Contemporary art can be thought of as any recent art that follows and extends the trajectory of art history. It can be very confusing, so helping children learn about it is often a daunting prospect. But there are so many contemporary artists and even more ways of producing art, that there is plenty for children to be inspired by. In fact, children’s learning and artists’ practices often include the same distinct phases: questioning, experiencing and repeating.
Contemporary art is so full of mysteries and surprises that there really is something for everyone. Model an inquisitive attitude by asking children the same open-ended questions you would ask yourself of a contemporary artwork: What could it be? What do/don’t you like about it? How did she/he make it? Why do you think they chose that shape/colour/material? What might it feel like?
While there are many fantastic children’s books on the topic,* contemporary art is better experienced in real life. Artists everywhere host open studio events now and then which are a brilliant opportunity to see their workspace, materials and to talk to them about it. Many galleries have education programs that include early years workshops, too.
For children, the best experience of contemporary art is of course a hands-on experience, so if you can’t get to a gallery workshop, nurseries might want to book a visit from an artist educator; a practising artist who can provide learning experiences inspired by their own work or in response to particular themes. You can also get many ideas for designing your own activities by reading about artists’ processes and finding safe ways to do them yourself.

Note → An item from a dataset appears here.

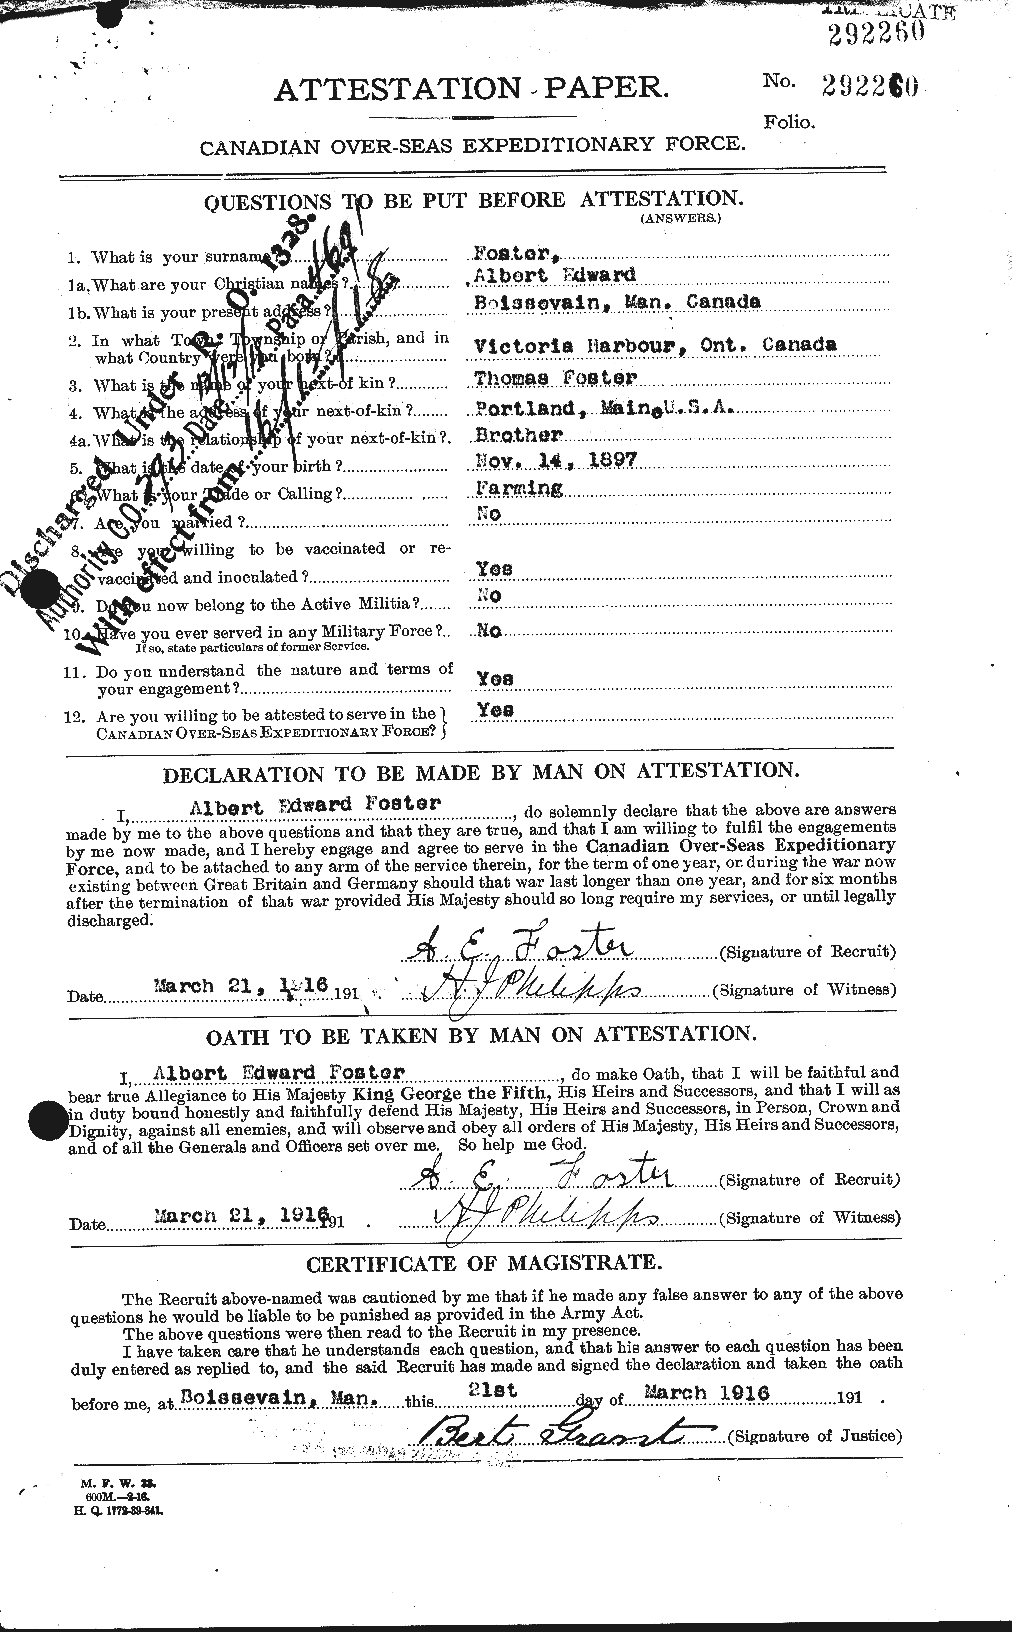 Dossiers du Personnel de la Première Guerre mondiale - CEC 330435a

I try to plan art-making sessions in response to repeating patterns in children’s play. Starting with observations of any particular schemas, I then look for artists who work with similar processes. Most artists have a few different ways of making art so there’s often plenty of material to build a whole series of projects around. Here are a few simple examples:
- Bridget Riley’s wobbly stripes, Gerhard Richter’s checker patterned pieces and Damien Hirst’s spot paintings can be inspirational for children who enjoy shapes or have positioning schemas. Artists use pattern for many different reasons – to make our eyes feel funny, to link ideas, or to present beautiful combinations of colours. You can print spots with lids, make checkered collages with coloured card squares or use colourful insulating tape to make massive stripy patterns directly on the floor.

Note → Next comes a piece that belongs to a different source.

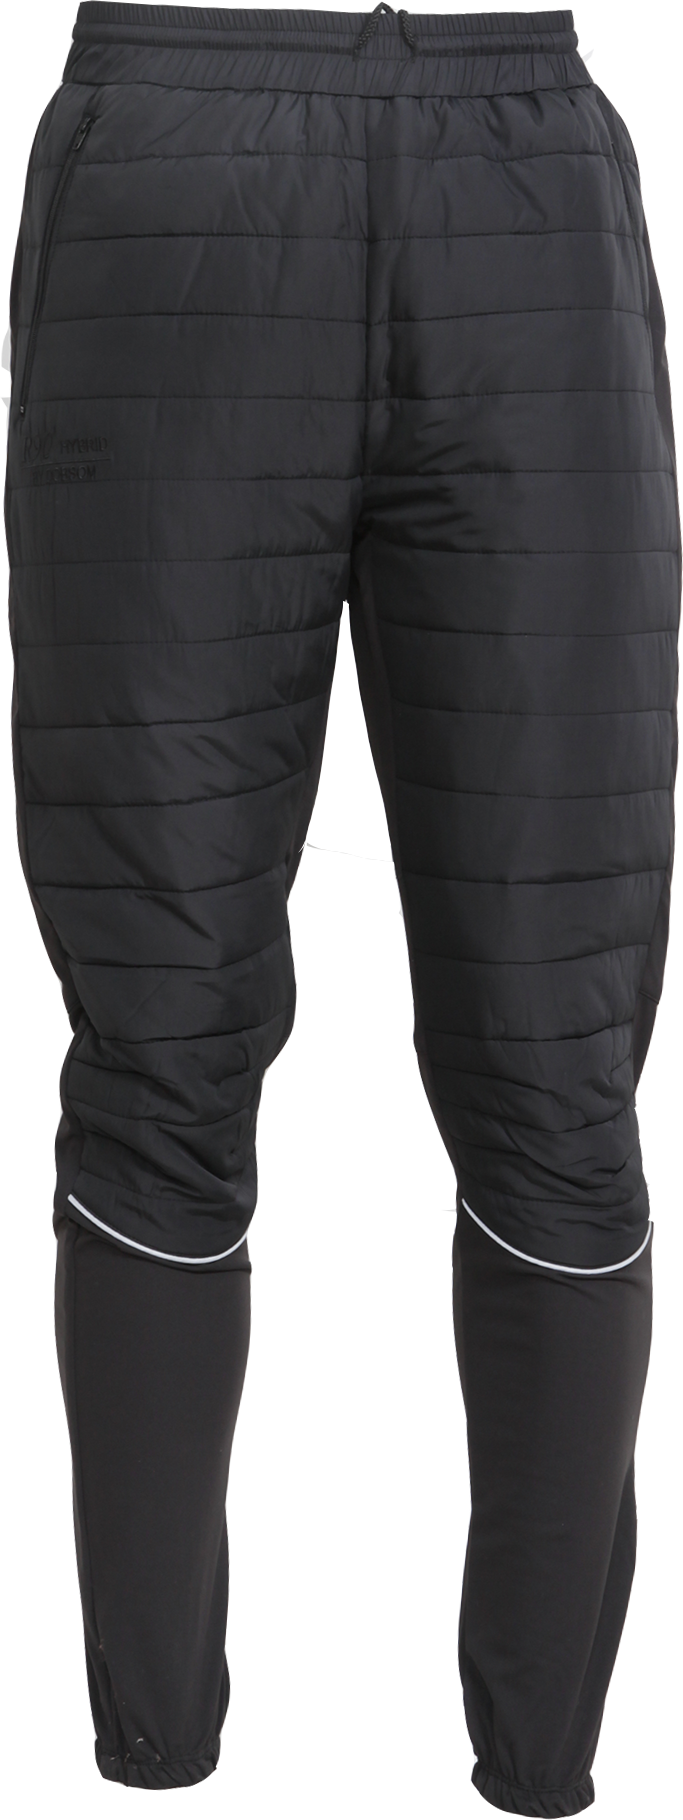 Dobsom Men’s R90 Hybrid Pants Black

- Phyllida Barlow makes colossal sculptures using ordinary DIY materials. If your children demonstrate connecting schemas, have a look at the sculptures she makes by joining things in elaborate frameworks. You could build similar art out of sticks, straws, pipes, planks or tubes held together with sticky tape, blue tack, clay or string.
- Niki de Saint Phalle’s Shooting Paintings were made by placing bags of paint between layers in her paintings and shooting at them. When the bullets pierced the bags the paint flowed out in streams of colour. Children with an interest in superheroes, “shooters,” “ptchooo-ers,” (and other synonyms for guns) and with trajectory schemas love making paintings by shooting watery paint at a sheet with water pistols. Alternatively, dip scrunched up newspaper in paint to throw instead. The whole-body action of throwing makes this a fun, physical method of painting. If you don’t mind getting really messy, put some paint in balloons and inflate them just till they start to stretch. Lay them out on a sheet then take turns to pop them. The balloons will explode with colour all over the place!
About the author
Matthew Kay is an artist educator specialising in Early Years. Alongside making his own work he facilitates contemporary art inspired learning experiences for nurseries and pre-schools in South West London as Eyes Pie Arts (eyespiearts.com).
* A few of my favourite art books for using with early years groups are:
What is Contemporary Art? by Jacky and Suzy Klein (Thames & Hudson, 2012)
The Art Book For Children; Book One (Phaidon, 2005)
The Art Book For Children; Yellow Book (Phaidon, 2007)
The Usborne Art Treasury by Rosie Dickins (Usborne, 2006)
The Dot by Peter H. Reynolds (Walker Books, 2003)
Ish by Peter H. Reynolds (Walker Books, 2004)
Sometimes the text can be too complex for very young children, but it explains the art so clearly that you can easily summarise it for the children.